Default-deny ingress and egress at namespace level
Explicit allow rules between frontend, API, data, and observability tiers
No broad east-west access for convenience
Private control plane access where the platform allows it
Internet exposure only through reviewed ingress paths

Case pattern:

One compromised pod should not become a sightseeing pass for the rest of the cluster.

4. Stop Storing Secrets Like Configuration Files

Base64 is transport encoding, not protection.

In production, prefer:

External Secrets Operator with Vault, AWS Secrets Manager, Azure Key Vault, or GCP Secret Manager
Encryption at rest for etcd-backed secrets
Narrow namespace and workload access to secrets
Rotation plans for database credentials, API keys, and signing keys

If an etcd snapshot leak or backup exposure would reveal plaintext credentials, the design is still fragile.
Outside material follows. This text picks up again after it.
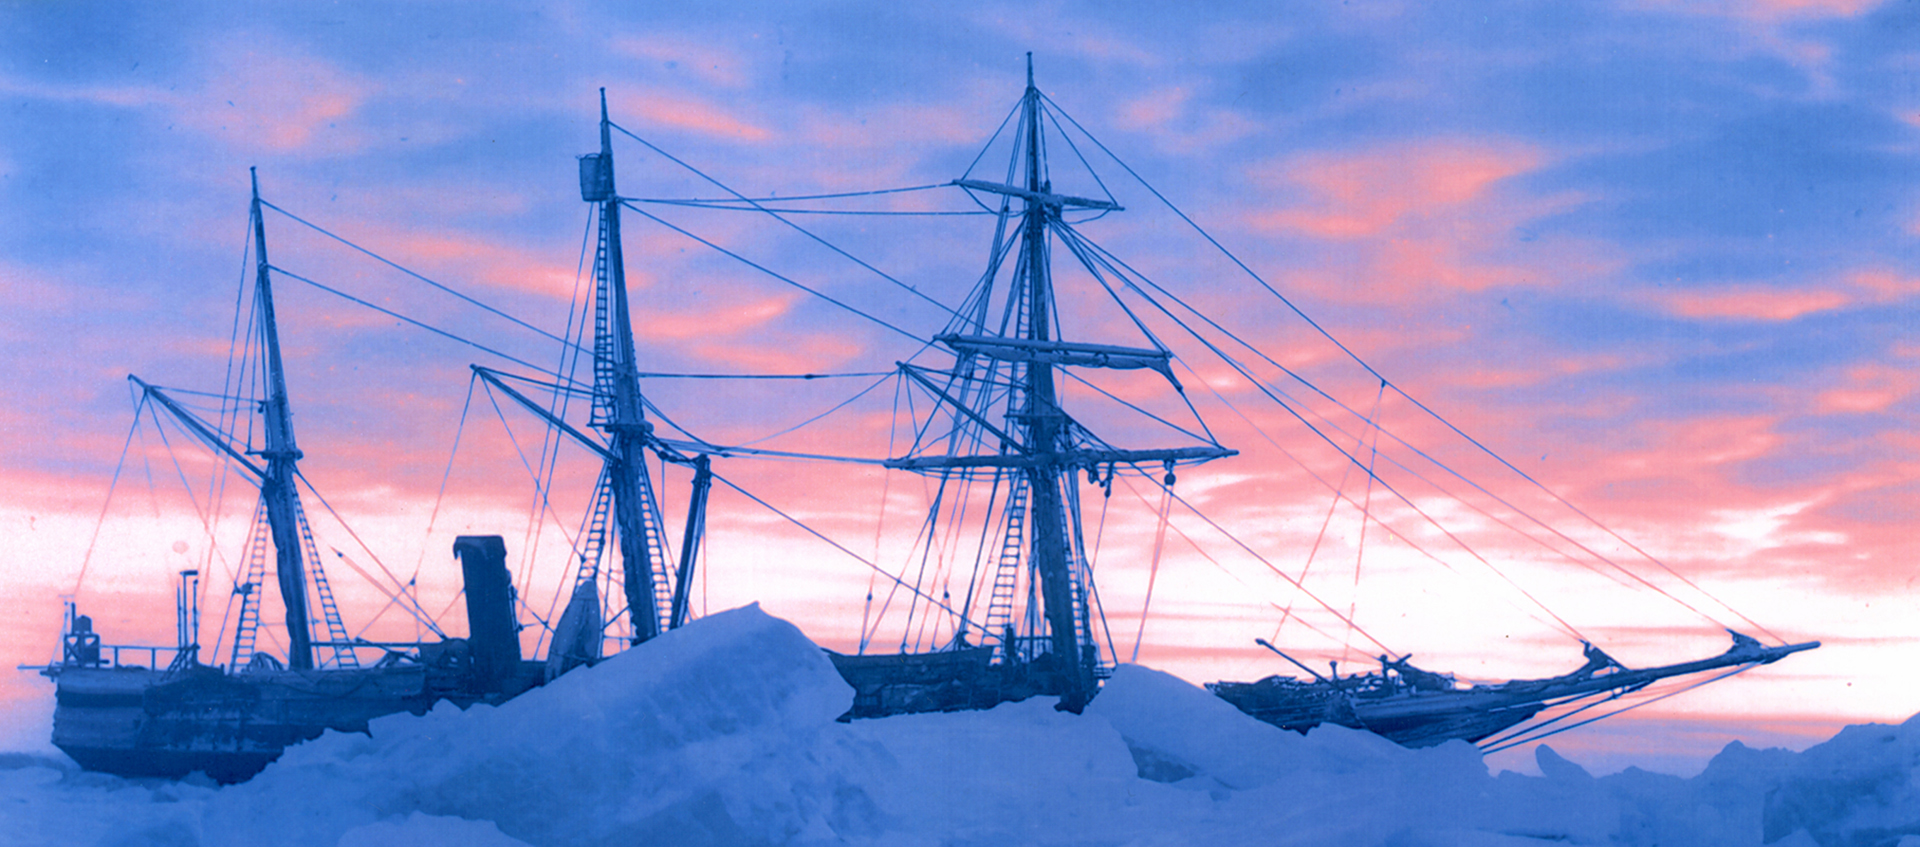 Side view of a sailing vessel, partially obscured by pack ice, against a blue and pink sky.
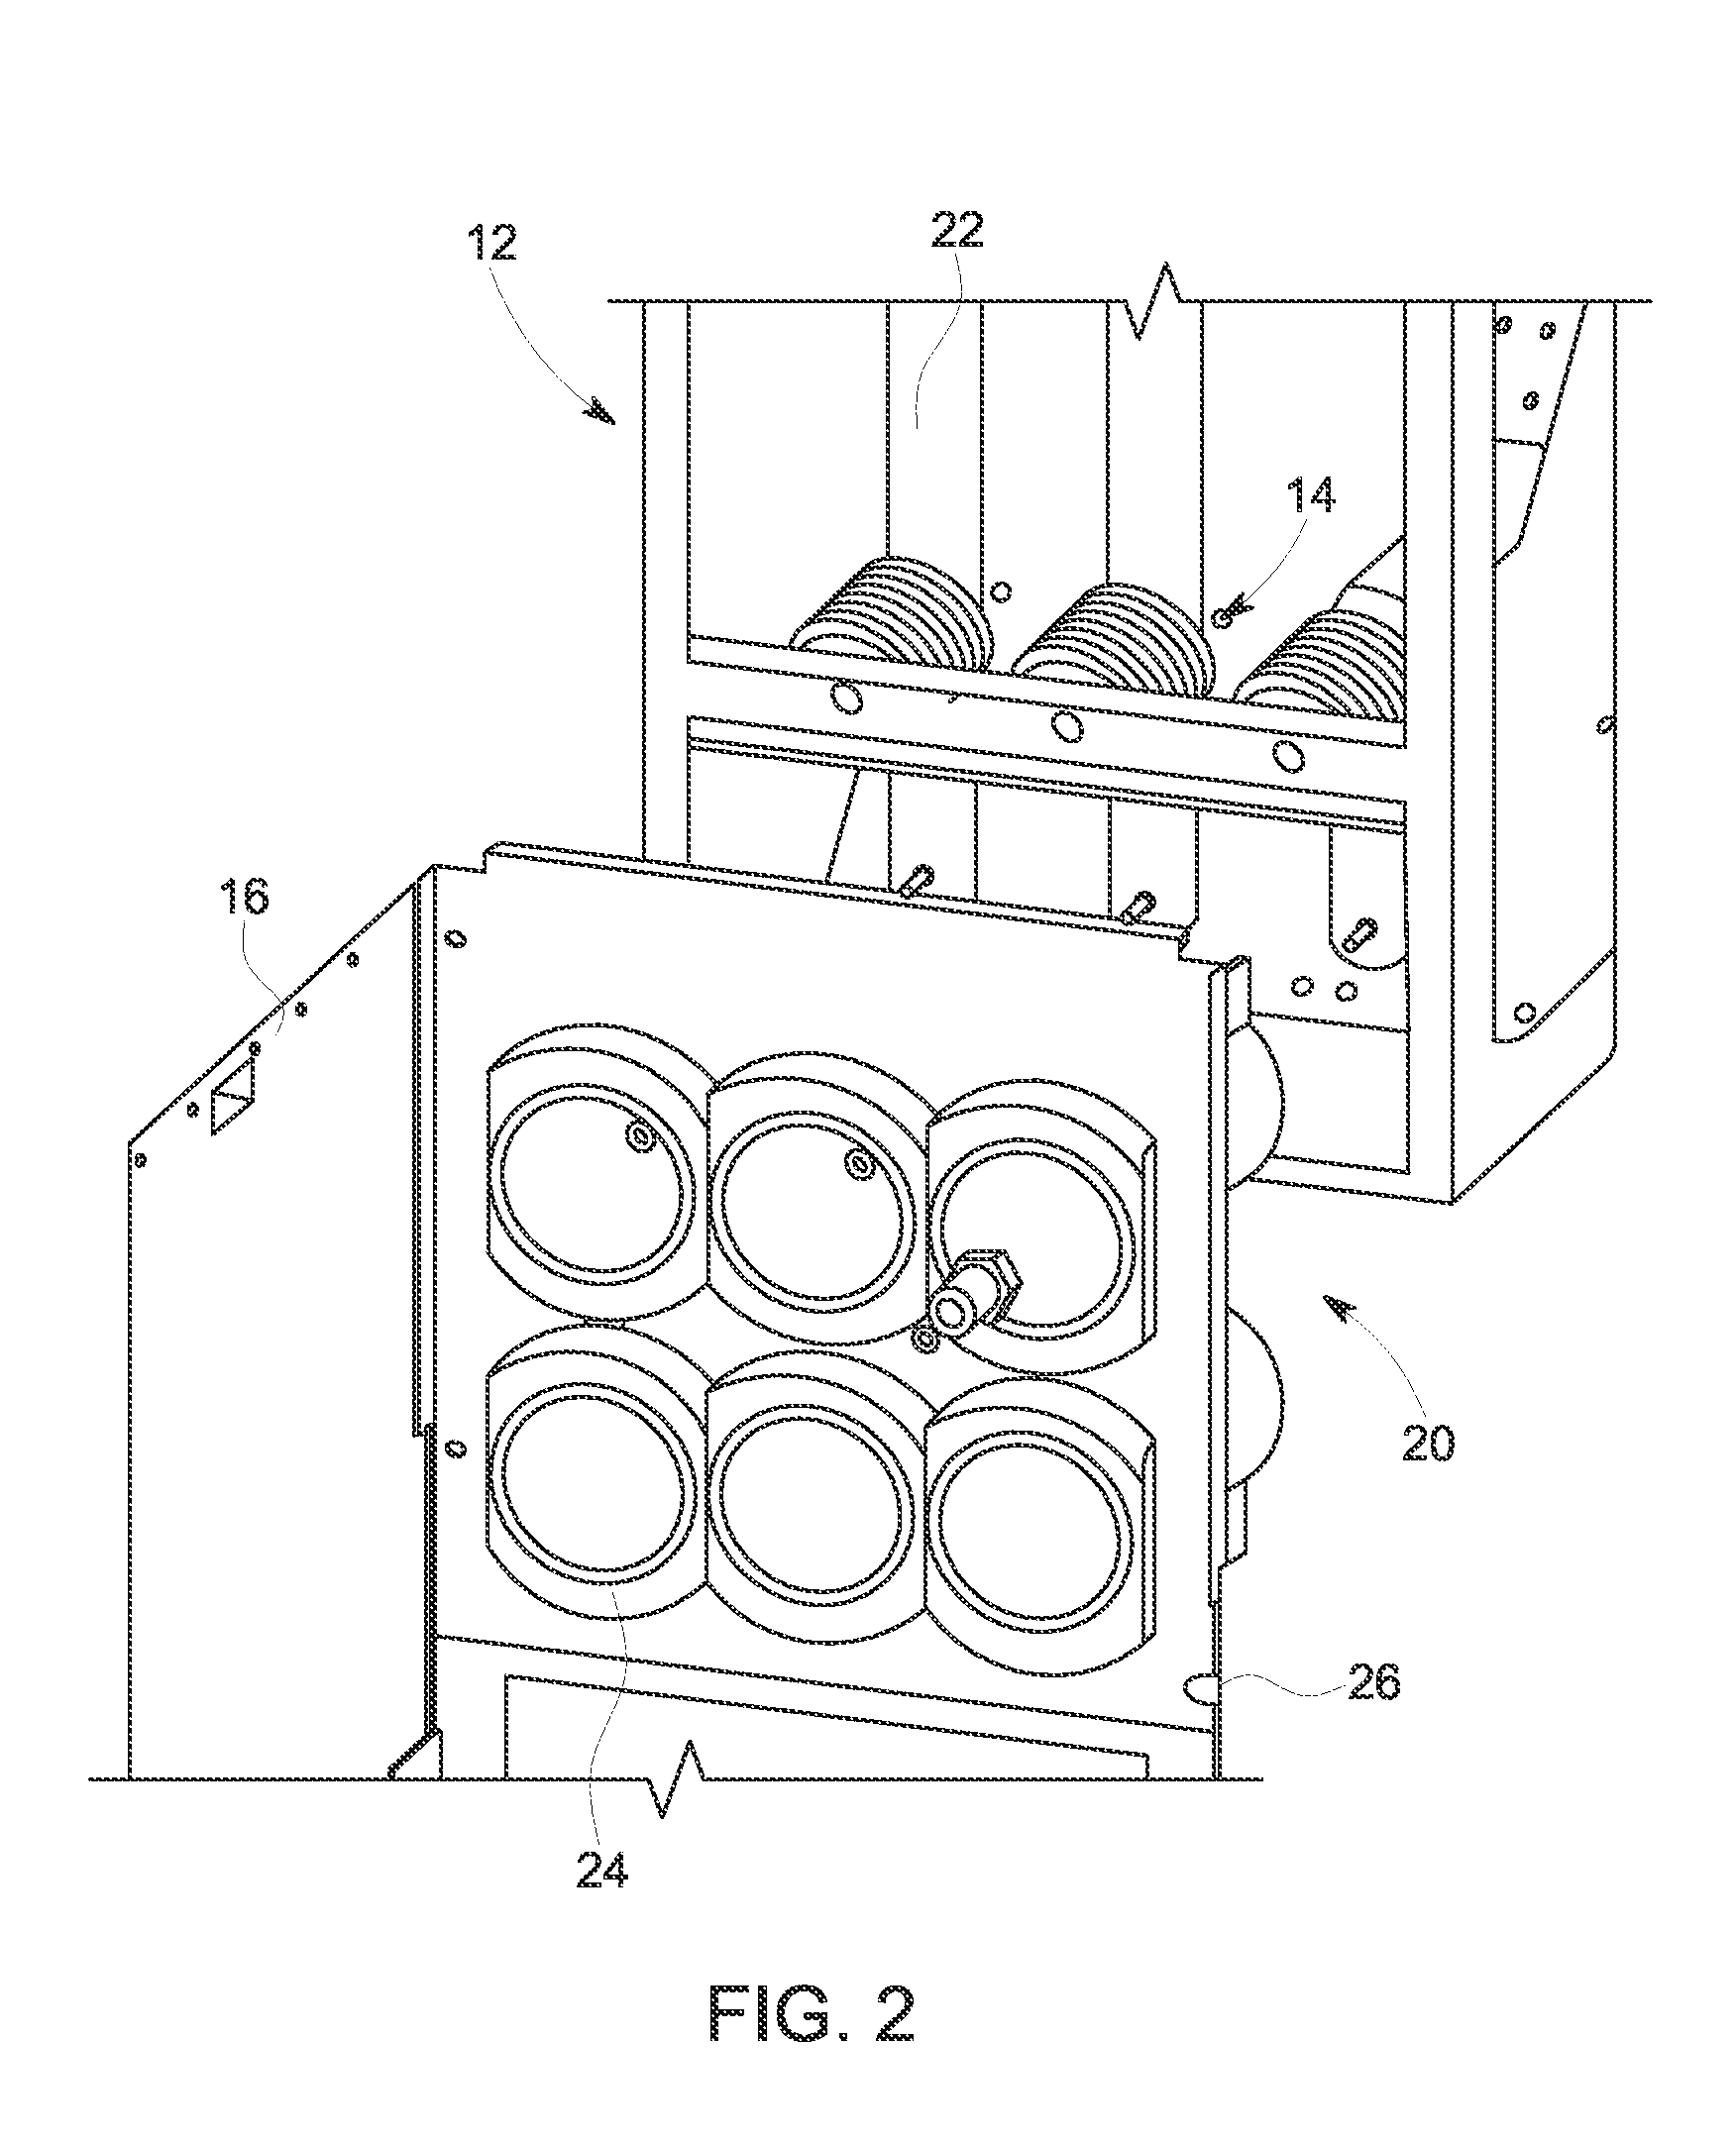 Modular switchgear connection and method of electrically connecting a modular compartment to a switchgear assembly

5. Add Admission Control Before Developers Add Exceptions Everywhere

Use Kyverno or OPA Gatekeeper to block the patterns you already know are dangerous.

High-value policies:

Reject privileged containers
Reject :latest image tags
Require image digests for production
Enforce resource limits
Block hostPath, hostPID, and hostNetwork unless approved
Require non-root execution and seccomp profile

6. Sign, Scan, and Pin Images

Production clusters should not be pulling whatever tag happens to exist today.

Checklist:

Scan images in CI with Trivy or equivalent
Pin images to immutable digests
Prefer minimal base images
Sign release images with Cosign
Restrict image sources to approved registries

This is also where software supply chain discipline starts paying off.

7. Watch Runtime Behavior, Not Just Manifests

Static reviews find misconfigurations. Runtime monitoring catches what changed after deployment or what only becomes visible during an intrusion.

High-signal runtime events:

Shell spawned inside an application container
Unexpected outbound traffic from a normally quiet workload
Reads of sensitive files such as /proc/1/environ
New binaries written to a container filesystem
Container processes contacting mining pools or suspicious control servers

Falco and managed runtime detection tools can help here, but only if somebody owns triage.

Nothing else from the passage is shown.